8. Adequate renal function: measured, calculated or estimated creatinine clearance of ≥
50 mL/min

9. Female patients of childbearing potential must have a negative serum pregnancy test at
screening and agree to use dual methods of contraception. Male patients must use an
effective barrier method of contraception if sexually active with a female of
childbearing potential. Acceptable methods of contraception are condoms with
contraceptive foam, oral, implantable or injectable contraceptives, contraceptive
patch, intrauterine device, diaphragm with spermicidal gel, or a sexual partner who is
surgically sterilized or postmenopausal.

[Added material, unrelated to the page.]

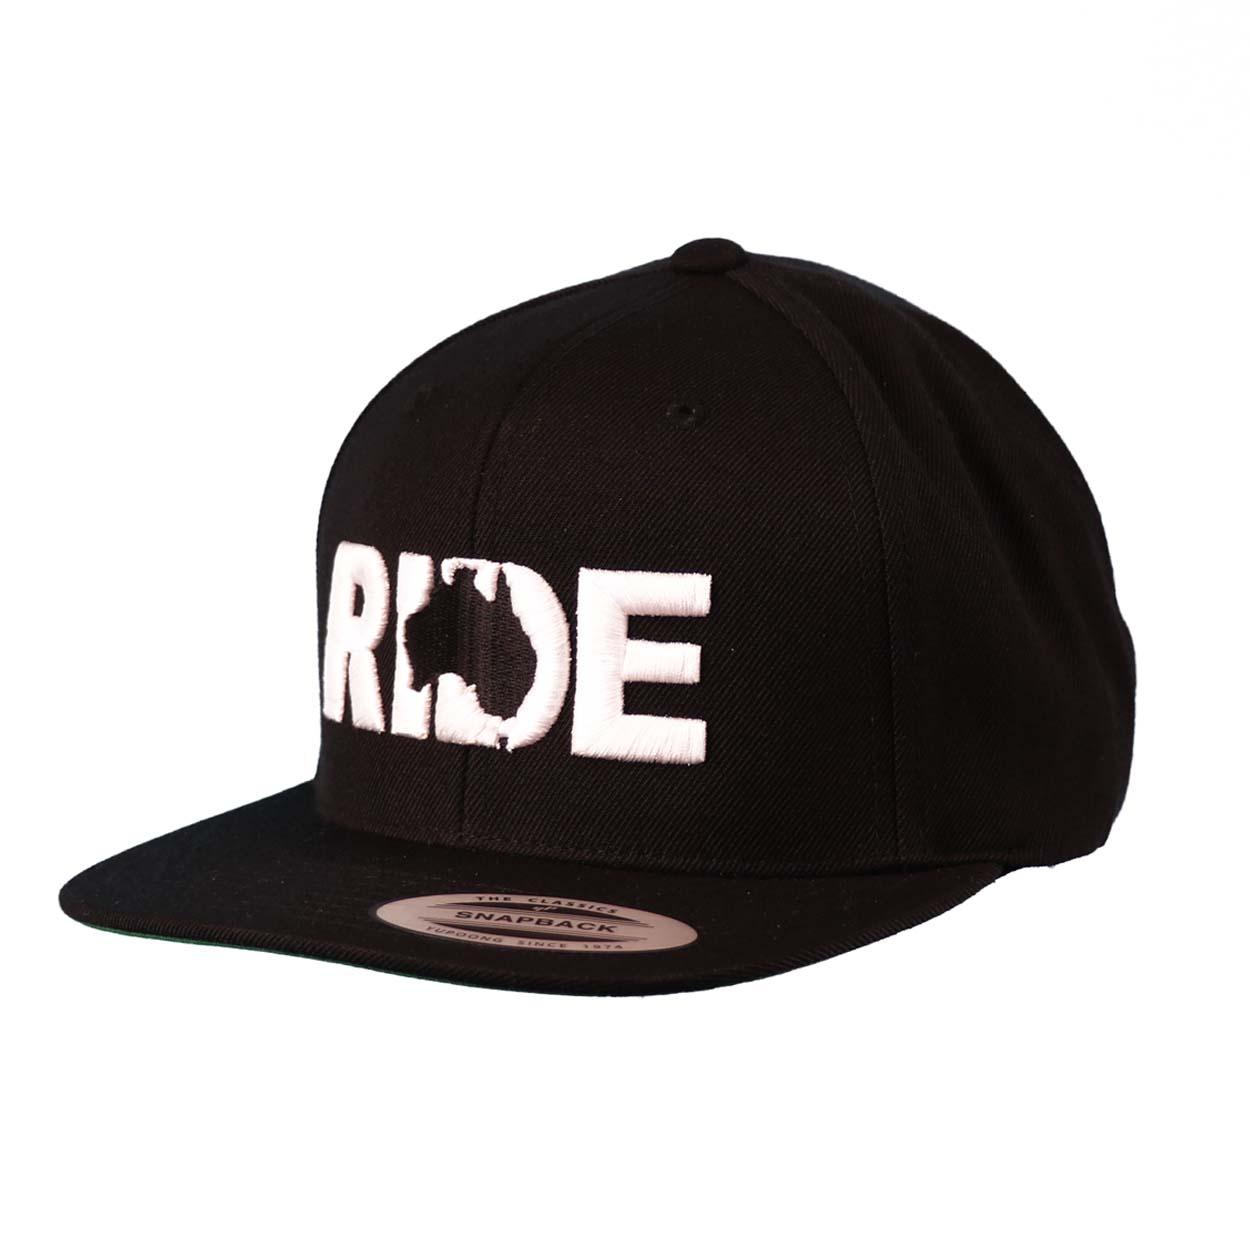 Ride Australia Classic Embroidered  Snapback Flat Brim Hat Black/White

For both male and female patients, effective
methods of contraception must be used throughout the study and for 3 months following
the last dose.

10. Informed consent (current IRB approved version) must be obtained from the patient or
legally authorized representative prior to any study-related procedures.

Exclusion Criteria:

1. Radiation, chemotherapy, immunotherapy, or any other approved anticancer therapy ≤ 2
weeks prior to study treatment

2. Participation in another interventional investigational drug study within 4 weeks
prior to enrollment

3. Concurrent radiation, chemotherapy, immunotherapy, or any other approved or
investigational anticancer therapeutic (Patients are allowed to receive ≤ 10 mg/day
corticosteroids for the treatment of non malignant disorders.)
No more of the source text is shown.